Friday, May 06, 2005

My Literary Pedigree

I read The Atlantic pretty religiously each month (in other words, mostly on the toilet) and it always leaves me feeling both edified and inadequate. It's the book reviews. The depth of knowledge required to write -- let alone read -- a book review for The Atlantic is unnerving, even frightening.

This month, Christopher Hitchens takes on the novel A Hero of Our Time, by Mikhail Lermentov.

Who?

In his review of this newly translated book, Hitchens expresses a passing -- even deep -- knowledge of early-to-mid 19th Centrury Russian literature and culture, and strong enough familiarity with the author to write as if many Atlantic readers may well have picked up on Lermontov, who died in the 1840s. Maybe he's right. And should I now feel shame for choosing (and mostly ignoring) "Irish Lit" over "19th Century Russian Lit" back in college?

Now, Hitchens is a confirmed, and possibly reformed, leftist. So his Russophilia can be excused... but the man -- and most of his fellow Atlantic writers -- are a damn sight better read than I am. I'm learning to accept that.
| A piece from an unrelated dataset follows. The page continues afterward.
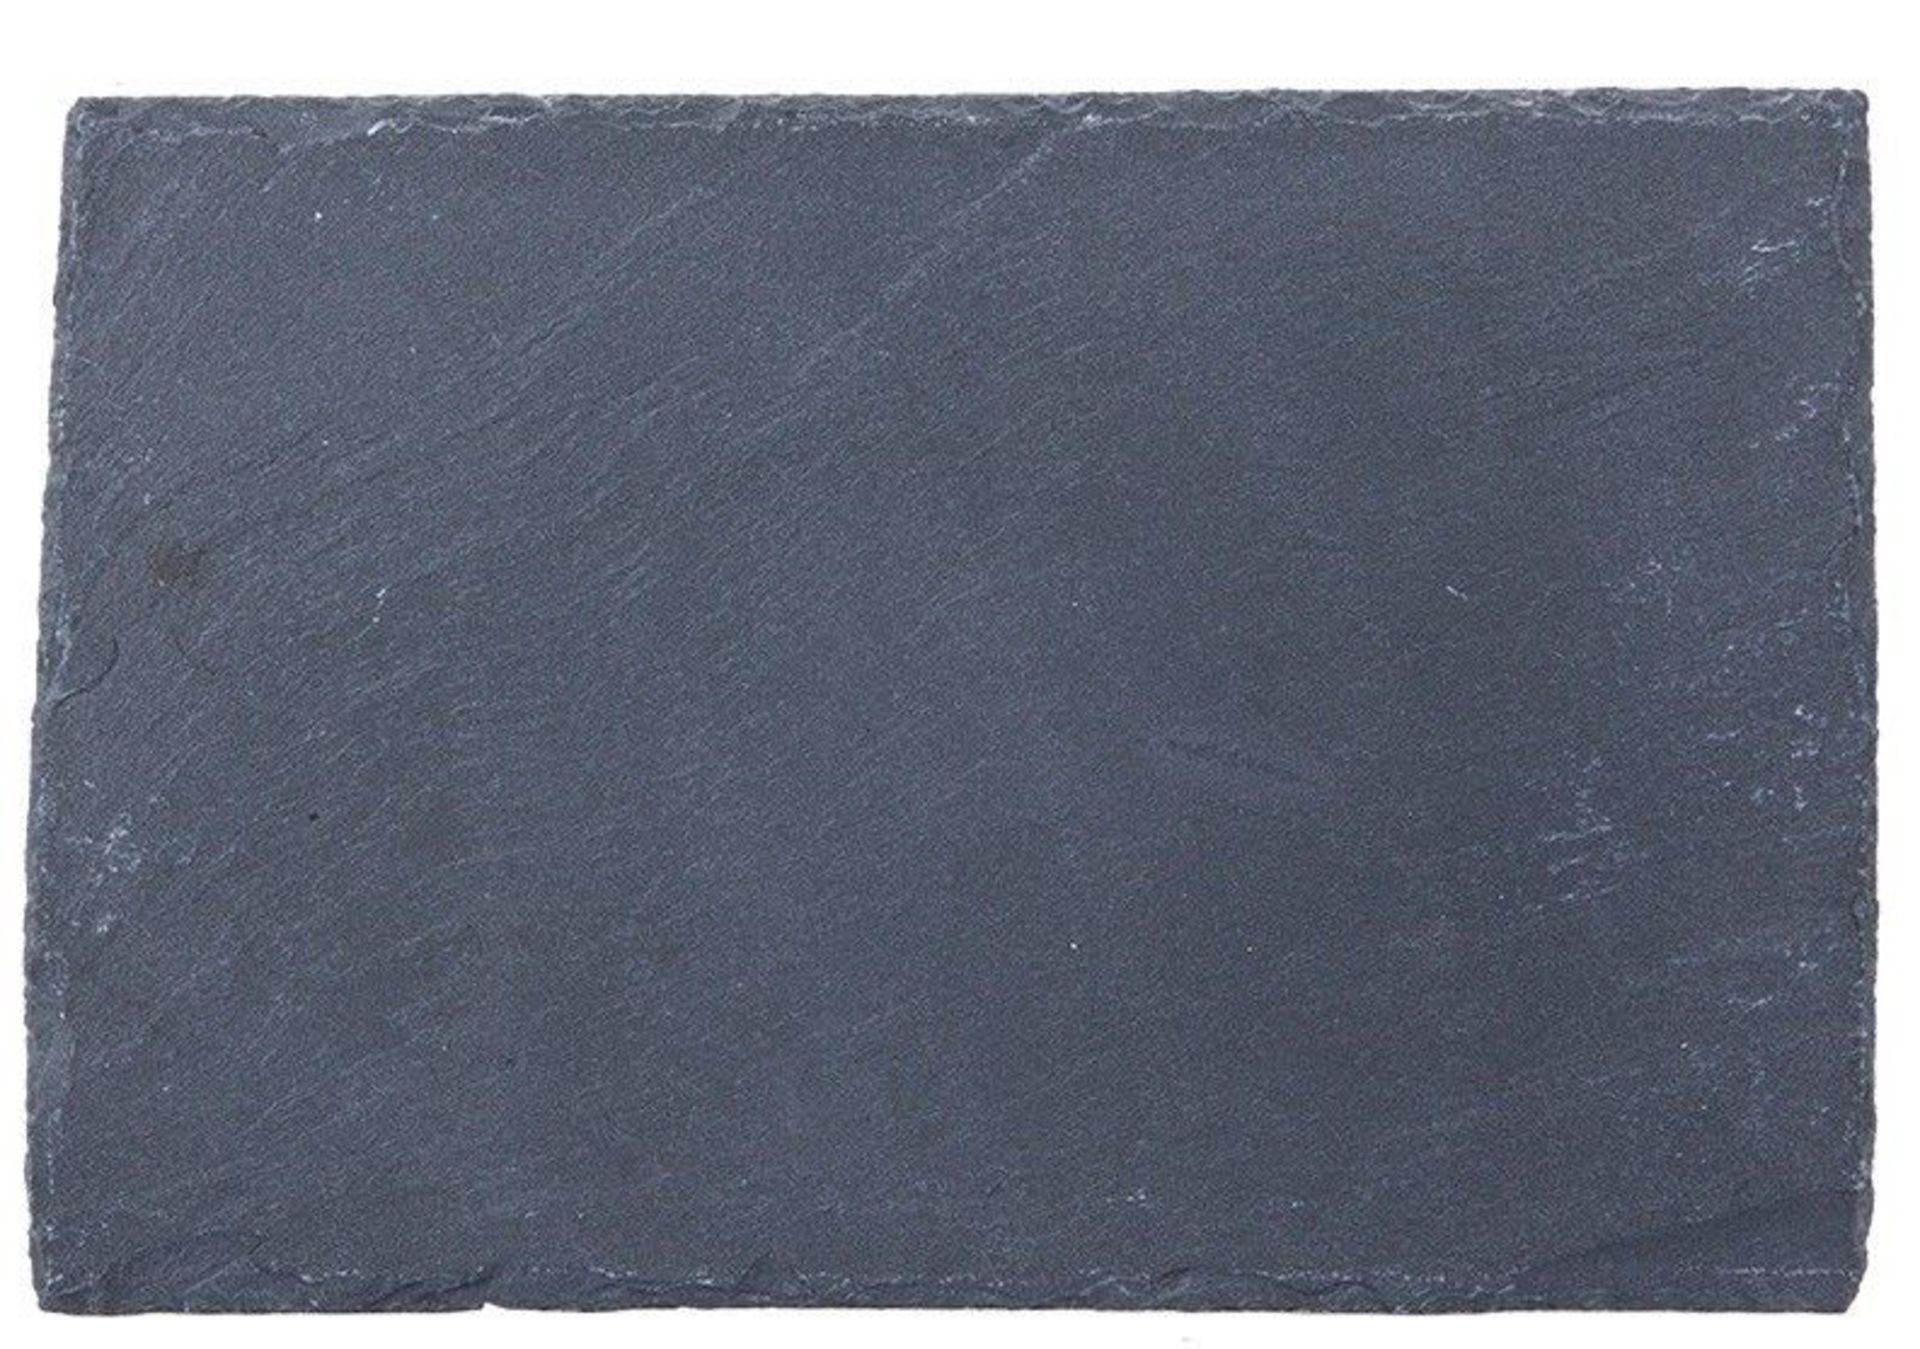 + VAT Brand New Slate 30 x 20cm Tapas Serving Board With Non-Slip Feet ISP £10.78 (ebay)

Frankly, I spent most of my high school years studying Marvel Comics circa 1977-1984 and -- through college -- Classic Science Fiction of the 1940s-1980s (Asimov, Heinlein and Pohl).

And perhaps if it came to that, I could write rings around Hitchens and his ilk if there were a call to review Heinlein's Job: A Comedy of Justice , the Dark Phoenix Saga or "Herbie the Robot".

You have to have something to hang your hat on... You can run from it, or you can embrace it... But...but... is there any money in it?